What I call “ersatz interpretability” is when the human figures out some “clues” about what the trained model is doing, like “right now it’s a safe bet that the AI thinks there’s a curve in the picture” or “right now the AI is probably thinking a thought that it believes is high-reward”.
What I call “real interpretability” is the ultimate goal of really understanding what a trained model is doing, why, and how, from top to bottom.
I’m optimistic that we’ll get more than zero out of ersatz interpretability, even as we scale to superintelligent AGI. As you point out, in model-based RL, just looking at the value function gives some nice information about how the AI is assessing its own prospects. That’s trivial, and useful, I seem to recall that in the movie about AlphaGo, the DeepMind engineers were watching AlphaGo’s value function to see whether it expected to win or lose.

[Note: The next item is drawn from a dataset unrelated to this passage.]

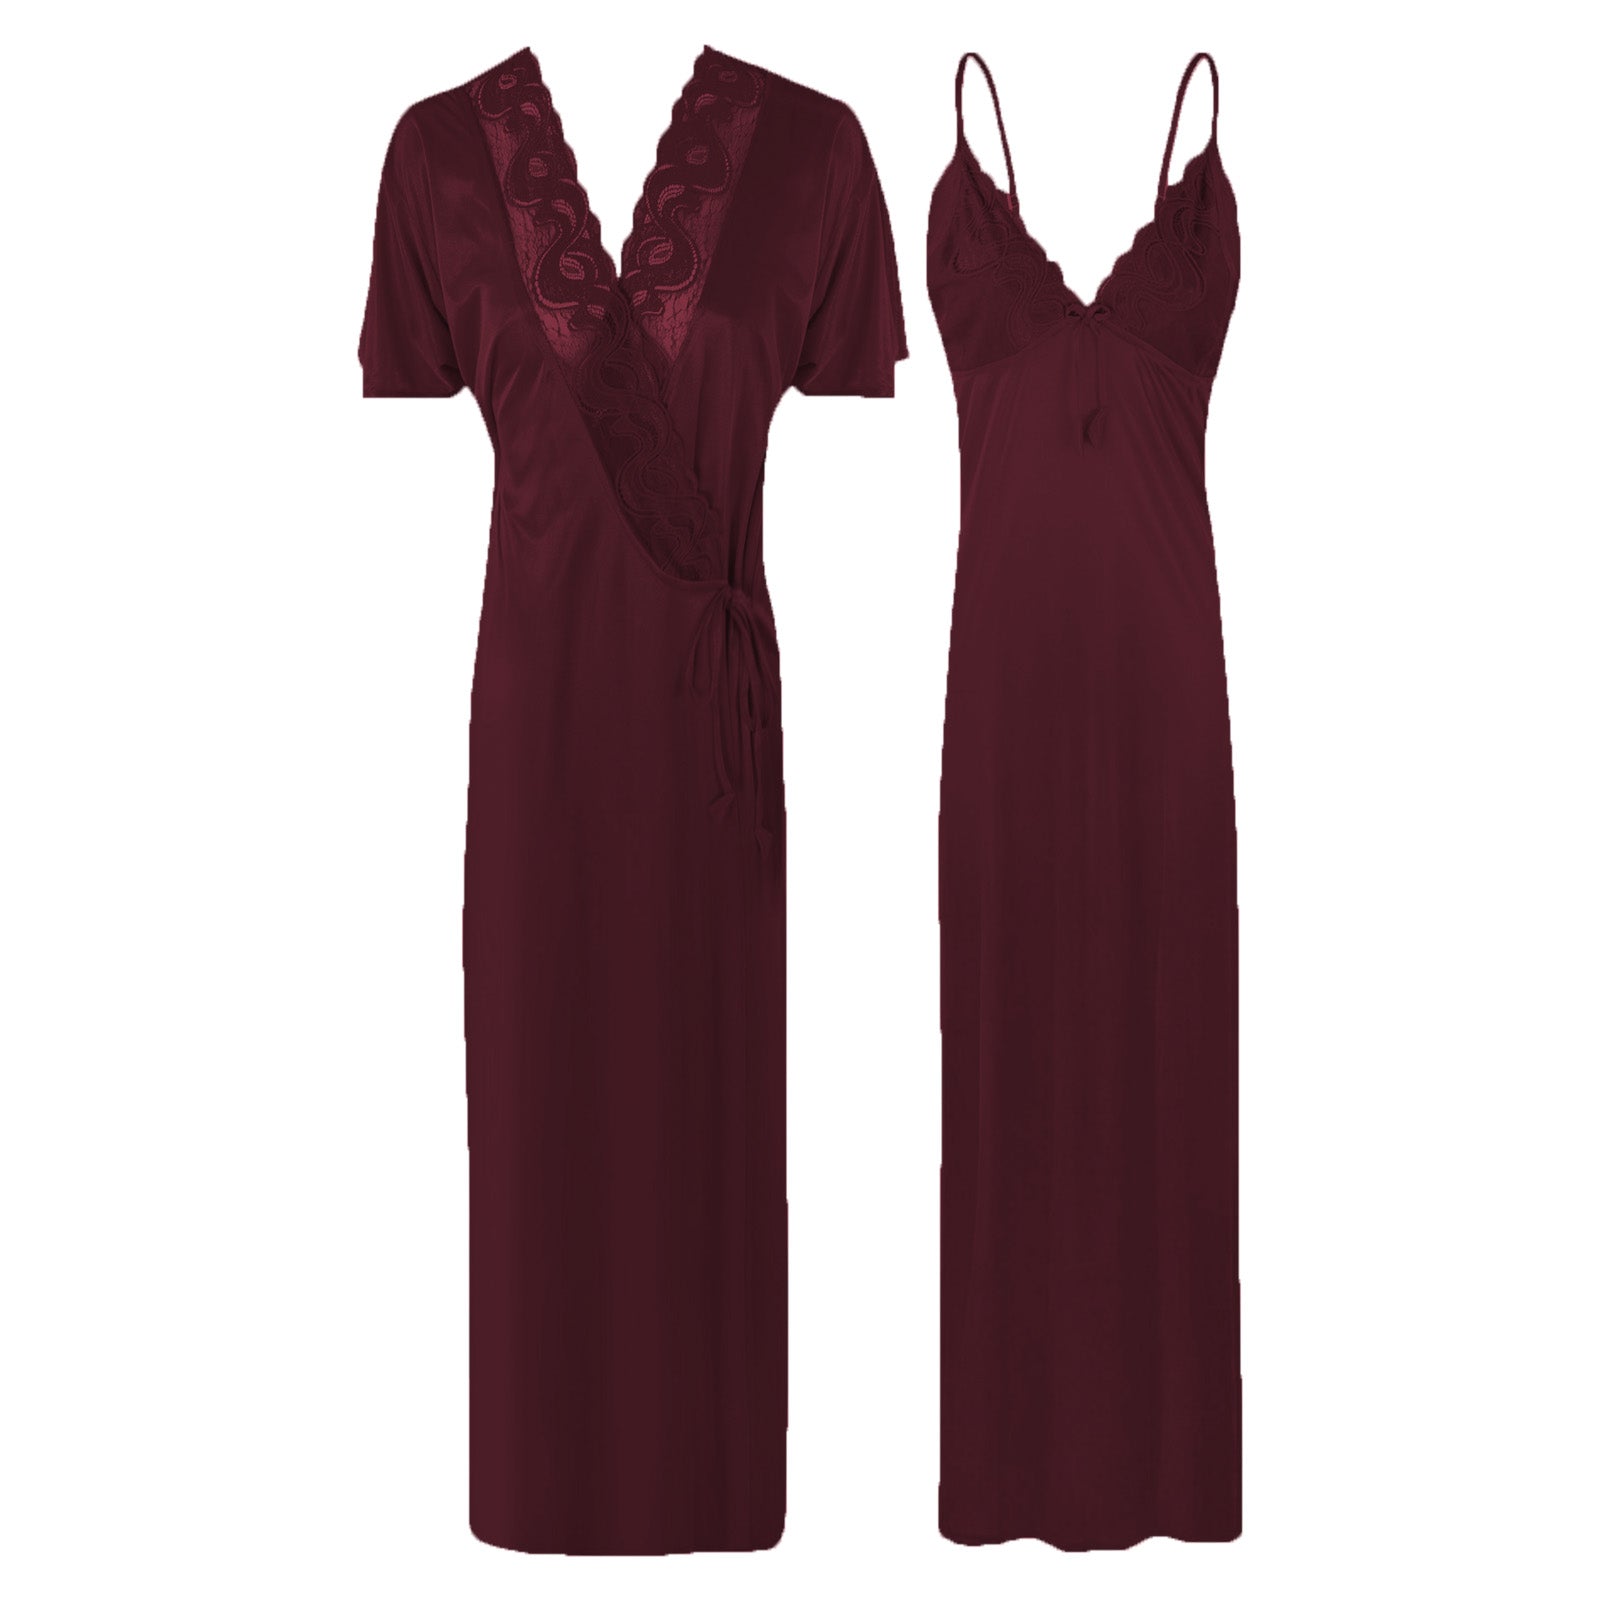 Dark Wine / One Size New Ladies Satin Long Nightdress Women Nightwear Set Lace Detailed The Orange Tags
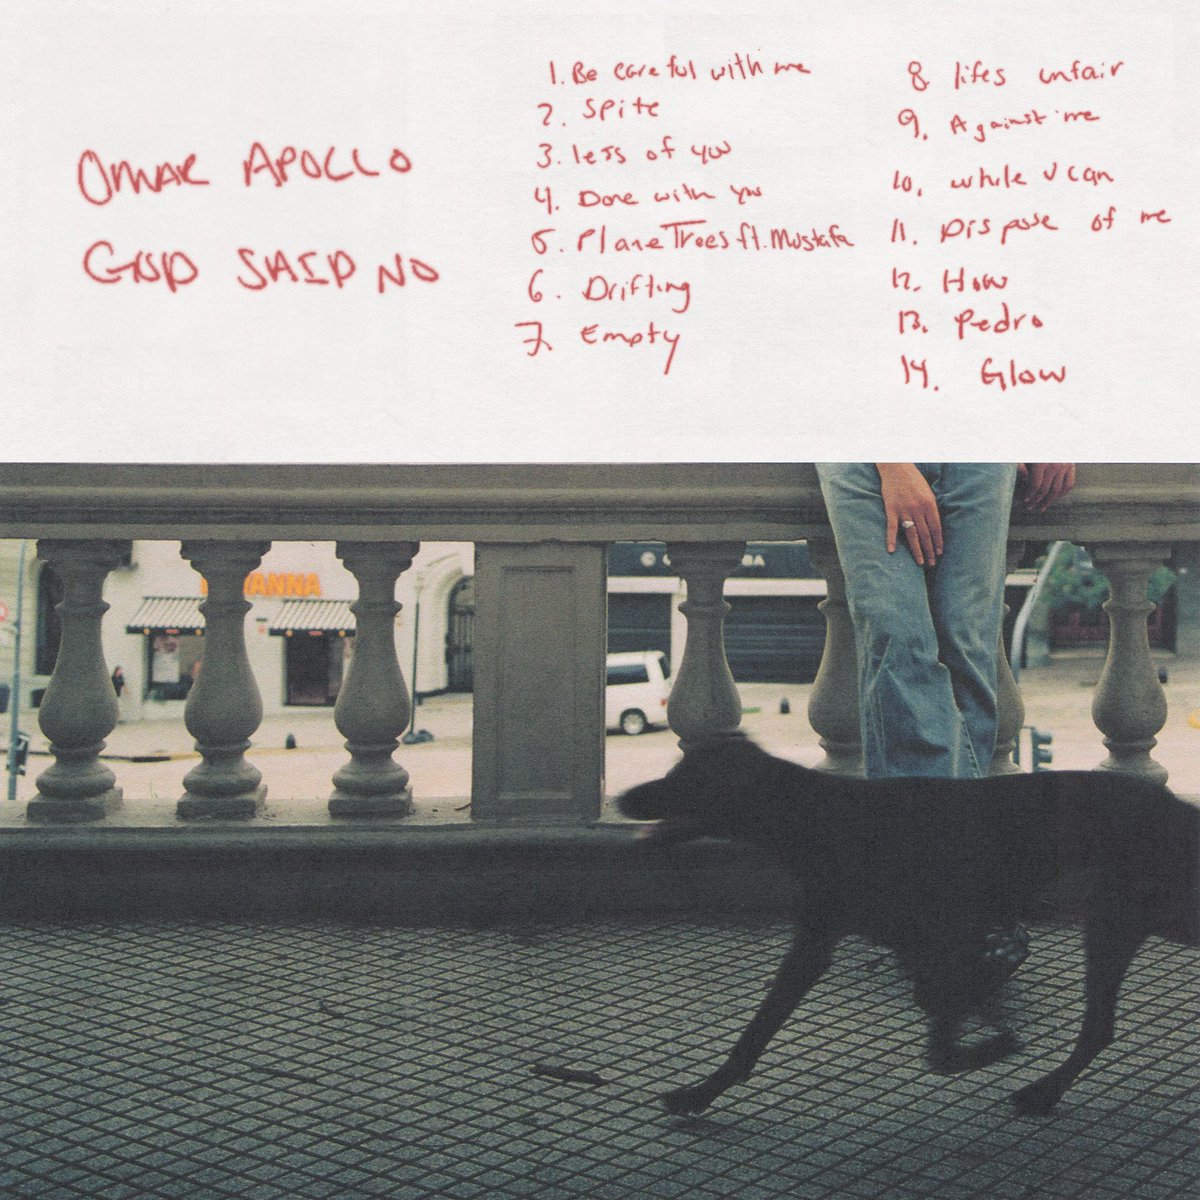 Omar Apollo announces new album, ‘God Said No’. Out June 28.

Or if we want a strong but imperfect hint that our fancy AI is thinking about blueberries, we can just train a classifier to look at the whole array of network activations, where the supervisory signal is a simple ConvNet blueberry classifier with the same field-of-view as the fancy AI. It won’t be perfect—maybe the AI is imagining blueberries without looking at them or whatever. But it won’t be totally useless either. In fact I’m an advocate for literally having one such classifier for every word in the dictionary, at minimum. (See here, here (search for the words “more dakka”), and more discussion in a forthcoming post.)
At the same time, I’m somewhat pessimistic about “real interpretability”, or at least I’m concerned that it will hit a wall at some point. There are concepts in Ed Witten’s head when he thinks about string theory that I’m just not going to be able to really understand, beyond “this concept has something vaguely to do with this other concept which has something vaguely to do with axions” or whatever.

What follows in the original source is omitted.